Work item
Please give the lines below again exactly as they stand, from the one that contains "Men's Wide Round" up to and including the one that contains "How Do I Treat Poison Ivy?", leaving all pictures out.

Given records

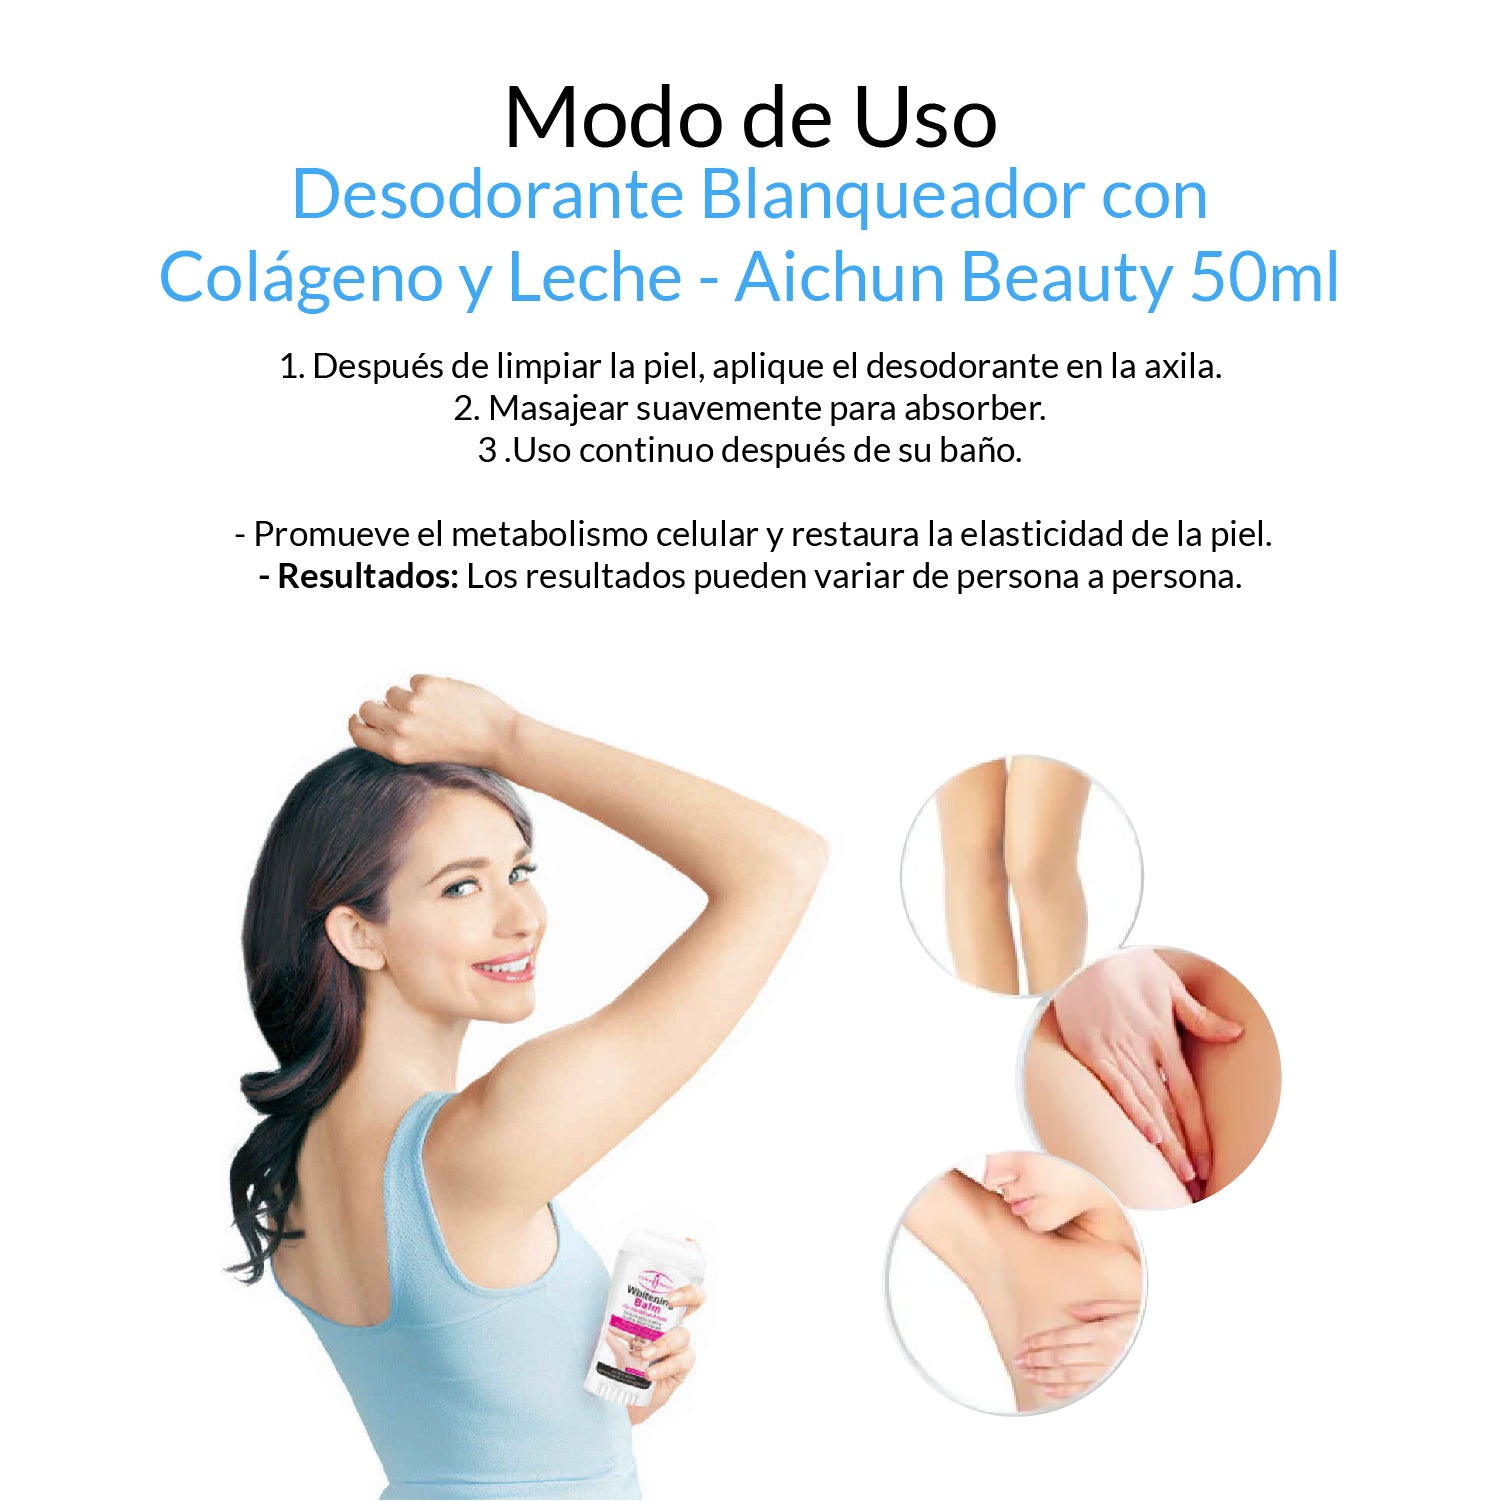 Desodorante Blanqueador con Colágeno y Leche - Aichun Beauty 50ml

...

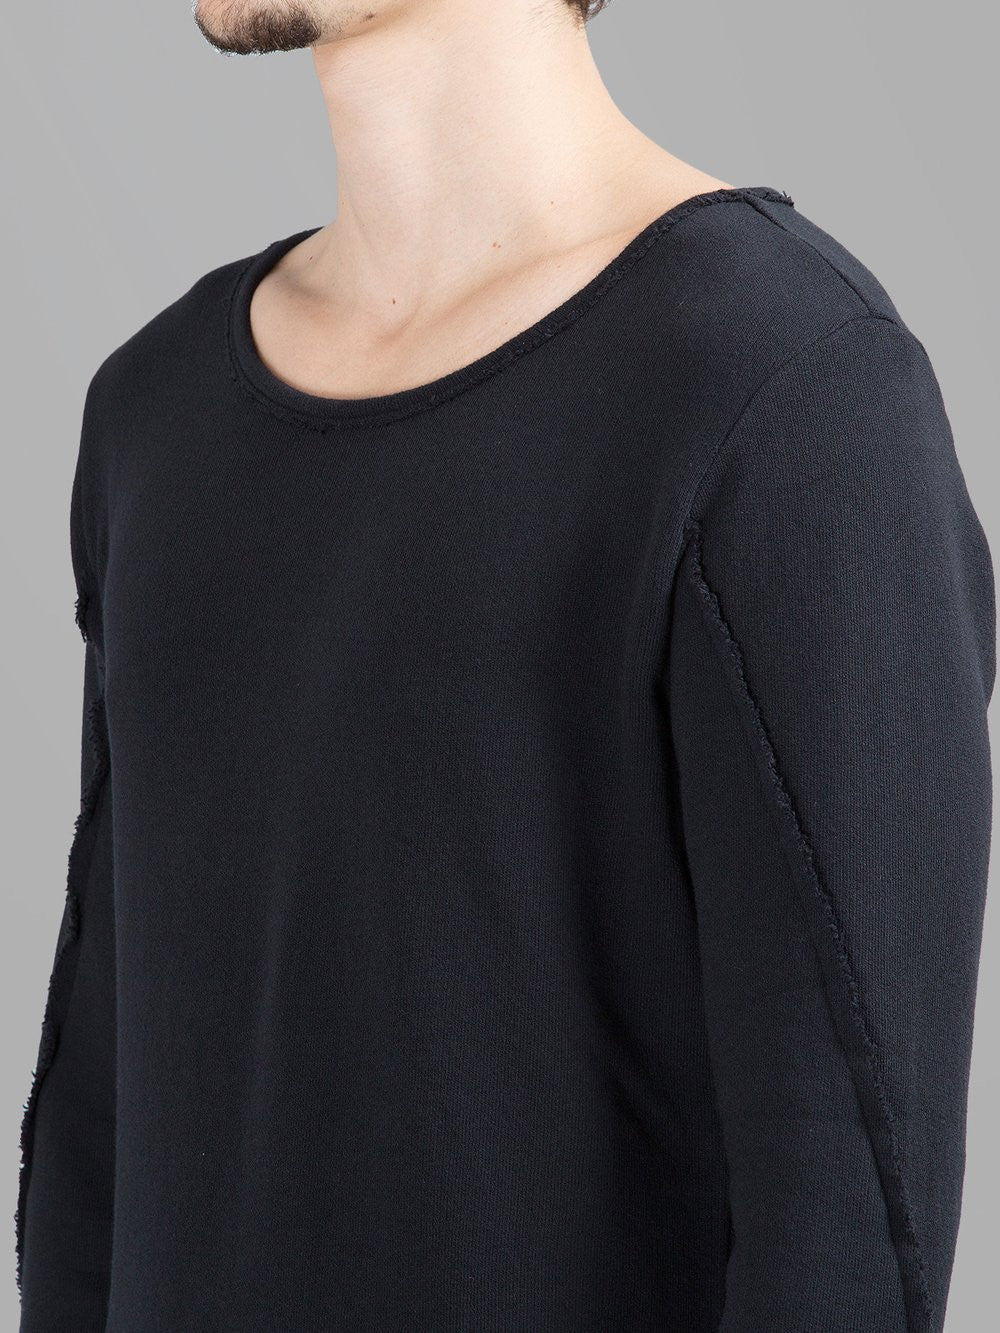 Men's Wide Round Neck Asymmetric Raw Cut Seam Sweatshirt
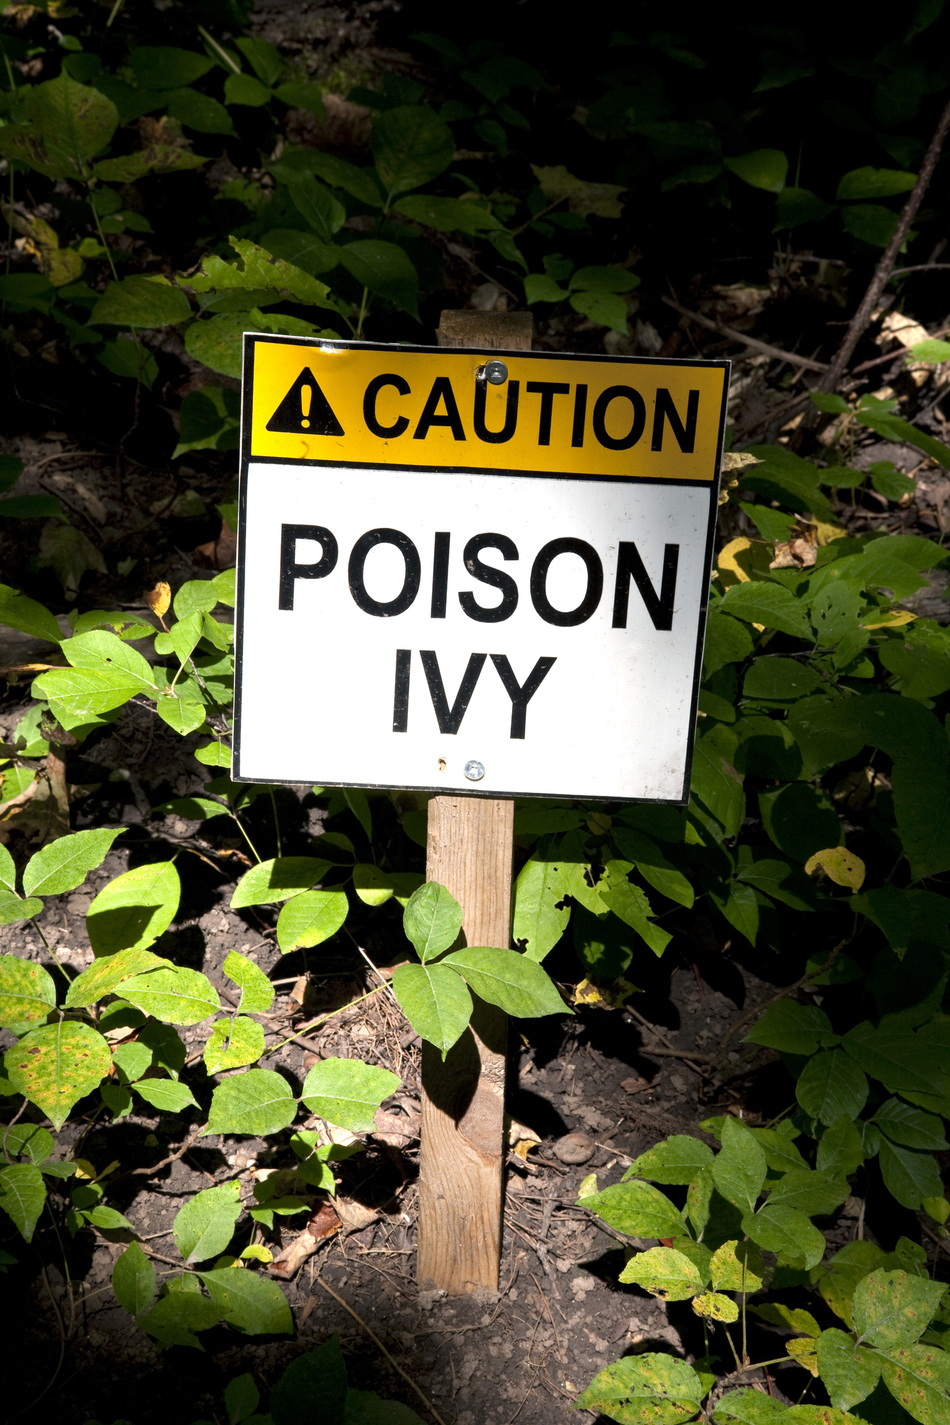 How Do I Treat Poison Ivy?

Solution to the exercise
 Men's Wide Round Neck Asymmetric Raw Cut Seam Sweatshirt
 How Do I Treat Poison Ivy?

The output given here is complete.